EMP 843 B. Rubik 3 credits
The Science of Bioelectromagnetics and its Clinical Applications
Bioelectromagnetics (BEM) is the science that involves the interrelationship of low-level nonionizing electromagnetic fields and life. There is evidence for a variety of biological effects following the application of extremely low-level electromagnetic fields to the human body, including accelerated healing and regeneration associated with certain field parameters. The course will touch upon the history and basics of BEM, the hazards of certain BEM fields, and mostly address the use of therapeutic fields for health and healing. Several promising areas of medical application considered include the treatment of nonunion bone fractures, wound healing, tissue regeneration, pain management, and neuroendocrine regulation. BEM medical devices typically emit pulsed magnetic or electric fields, or electromagnetic fields such as microwaves. Some notable examples from the growing number of BEM medical devices on the market such as the trans-cranial electrical stimulator will be shown and discussed, along with clinical data and case studies. The scientific controversies that remain concerning the modus operandi and difficulties in reproducing effects in BEM studies will also be presented. The future prospects of BEM medical applications will be outlined.

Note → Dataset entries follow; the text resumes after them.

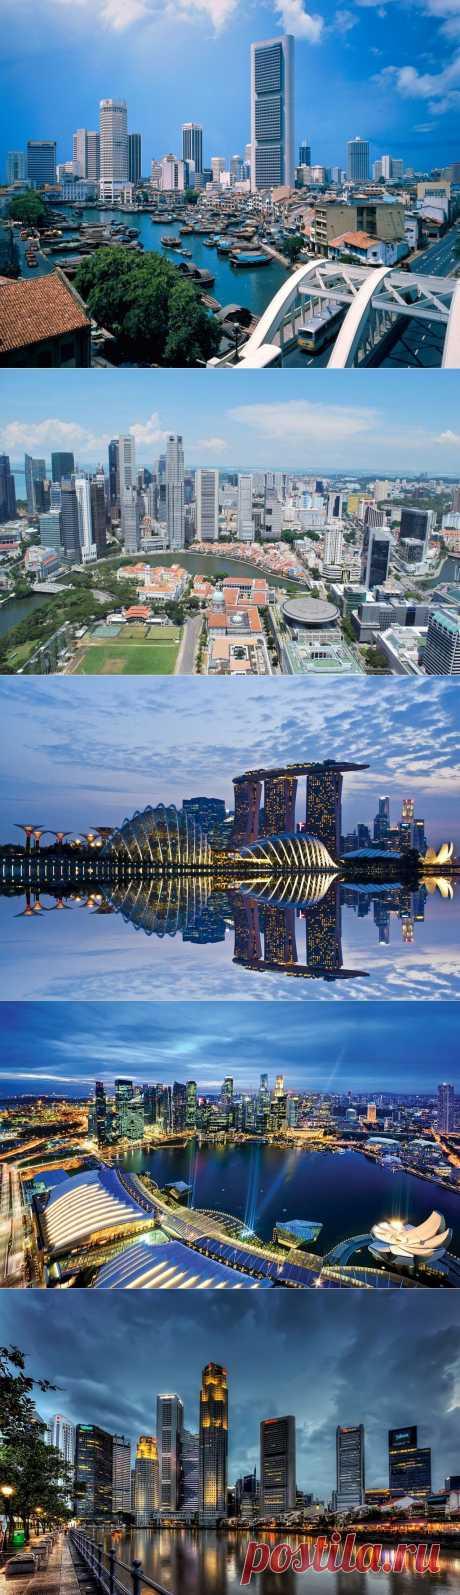 Сингапур – город технического прогресса | Newpix.ru - позитивный интернет-журнал
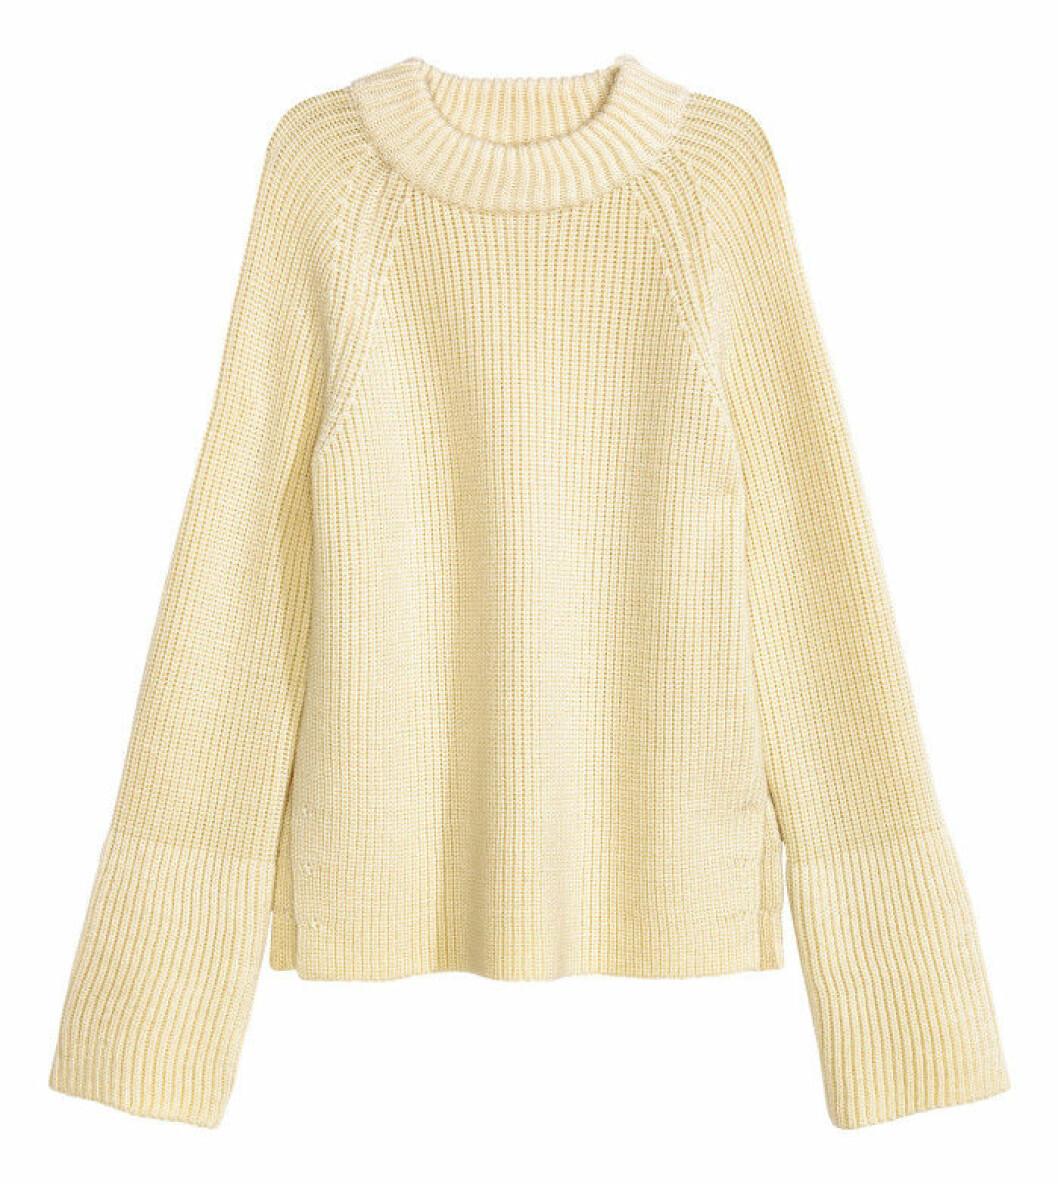 Stickad tröja, H&M, 499 kr
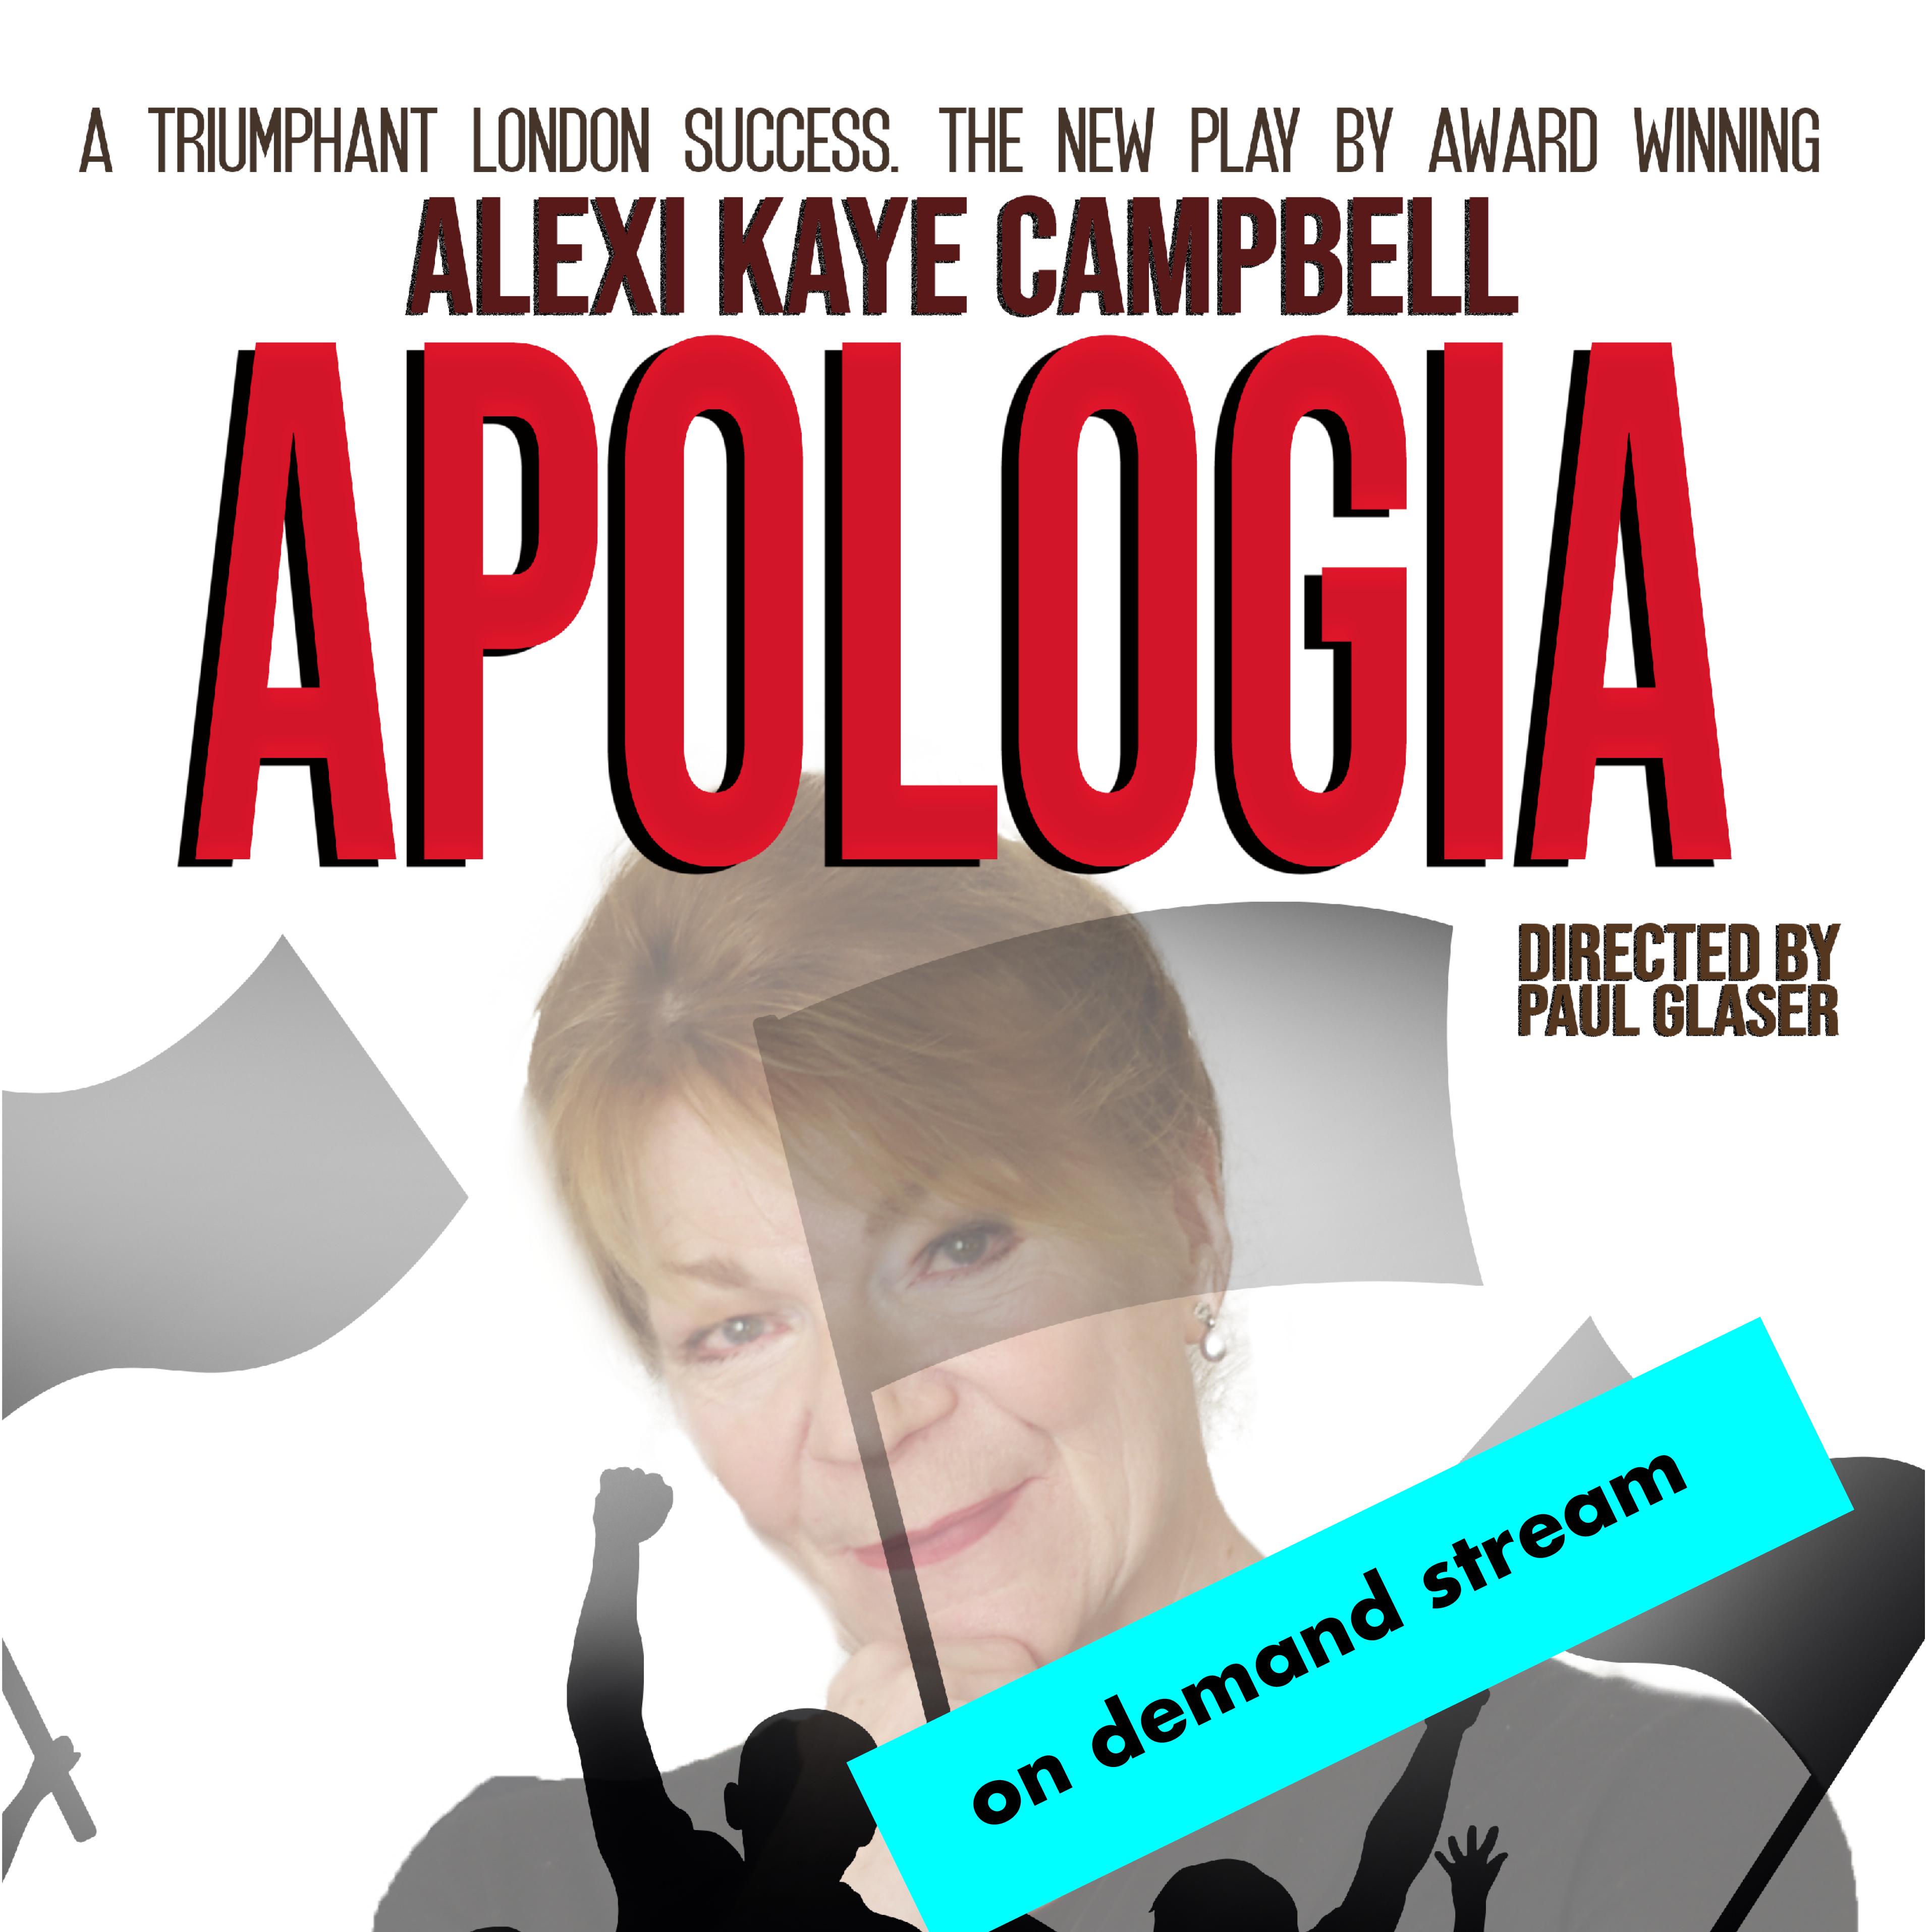 APOLOGIA ON DEMAND STREAM

The electromagnetic spectrum; ionizing and nonionizing radiation; wave parametrics; narrow “windows” of biological response to EM fields; geophysical fields & life; positive, neutral, and life-thwarting EM fields; early discoveries in tissue regeneration; bone growth stimulators; neuroendocrine applications including trans-cranial electrical stimulation; soft-tissue regeneration; low-level laser stimulation; static magnets for pain control; scientific theories of BEM interactions with living systems, including chaos and biofield theories; scientific controversies in BEM.